KISS: The "rules" of Sonic Boom of not having external composers, no ballad and that only four members of the band were playing on the disc, a concept Was established Paul?

COLLINS: Yes, and I think everyone agreed that this was what worked best last time, so there was no need for change. As in the last record, all the basic tracks, drums, bass, rhythm guitars, were recorded live and click tracks were not used.

KISS: How is working with Paul Stanley as producer?

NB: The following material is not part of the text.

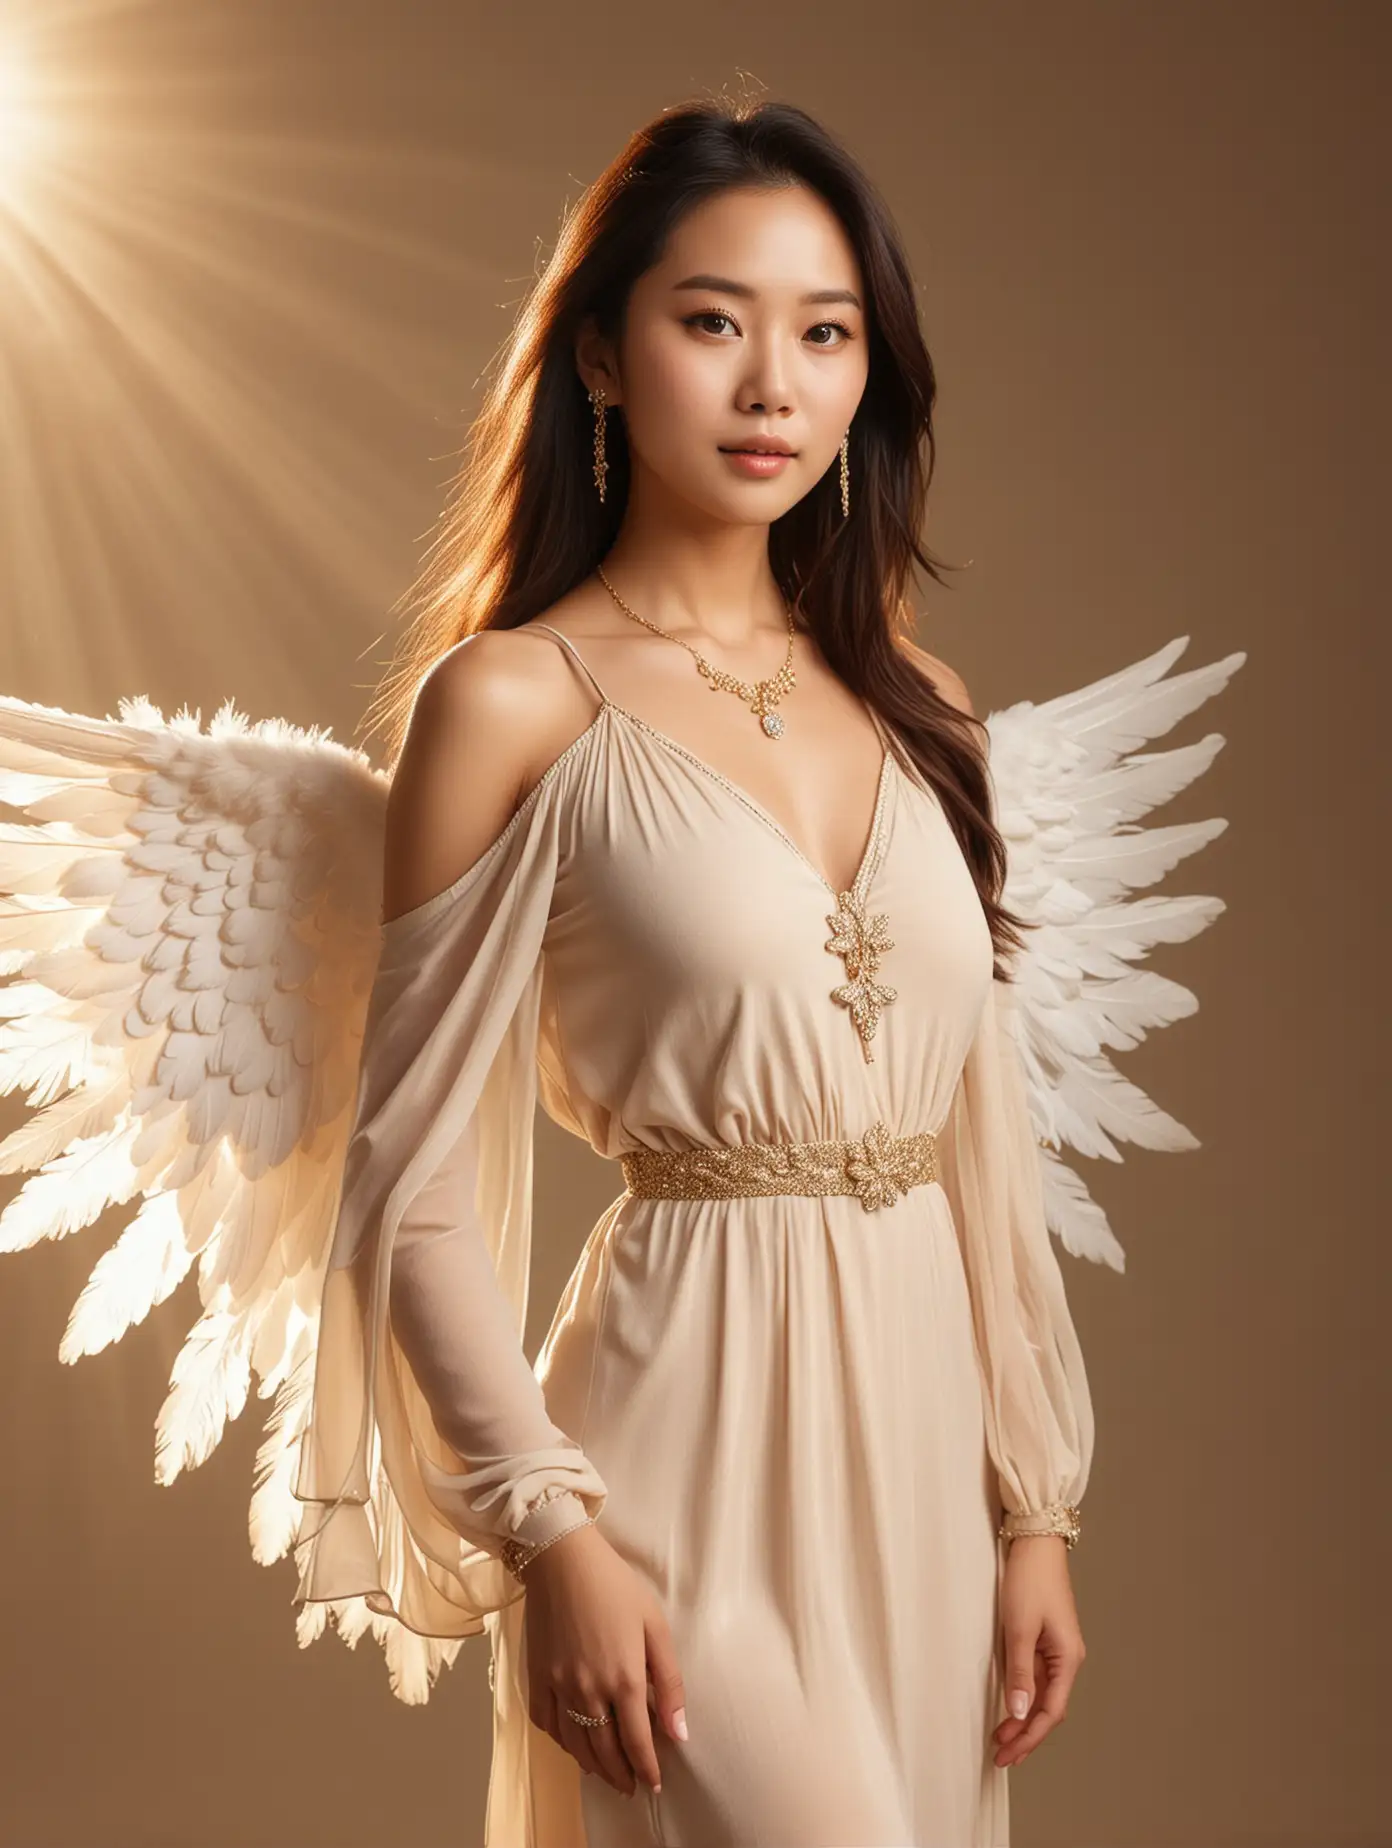 Confident Asian Angel Woman in Beige Dress with White Wings and Jewelry in Golden Light

COLLINS: There is nothing better than working with someone with experience and talent level of Paul. I, like the original KISS fan, he obviously is someone for whom I feel a ton of respect, and after making four albums with him, I can say it was great experience. I have come to understand why KISS is still able to make music that will live up to their classics. It is interesting that sometimes the artists themselves are produced does not work, because entangled and obsessed with details that are not really that important to the impartial listener. Paul is a rare artist who can keep an overview. No one has a better idea of how it should sound KISS Paul. It also hopes that the people around you do what they do best, and I accept the fact that he values my opinion as a great compliment.

KISS: Stanley has said before that no other configuration of KISS could have done the last two albums. What is the dynamic that makes it work so well?

COLLINS: It's just the right chemistry in my opinion. Paul and Gene have a professional relationship that lasts 40 years, and I think it is because there is a mutual respect between them and, more importantly, a respect for KISS and all that that name represents. Eric Singer and Tommy Thayer are excellent musicians who also so happens that provide the right balance of personalities to the group.

KISS: Now that you've worked with a few discs KISS, what would you say is what most surprised the fans if they saw the band working in the studio?

COLLINS: That's tough ... Maybe listen to KISS relax improvising a song by Neil Young?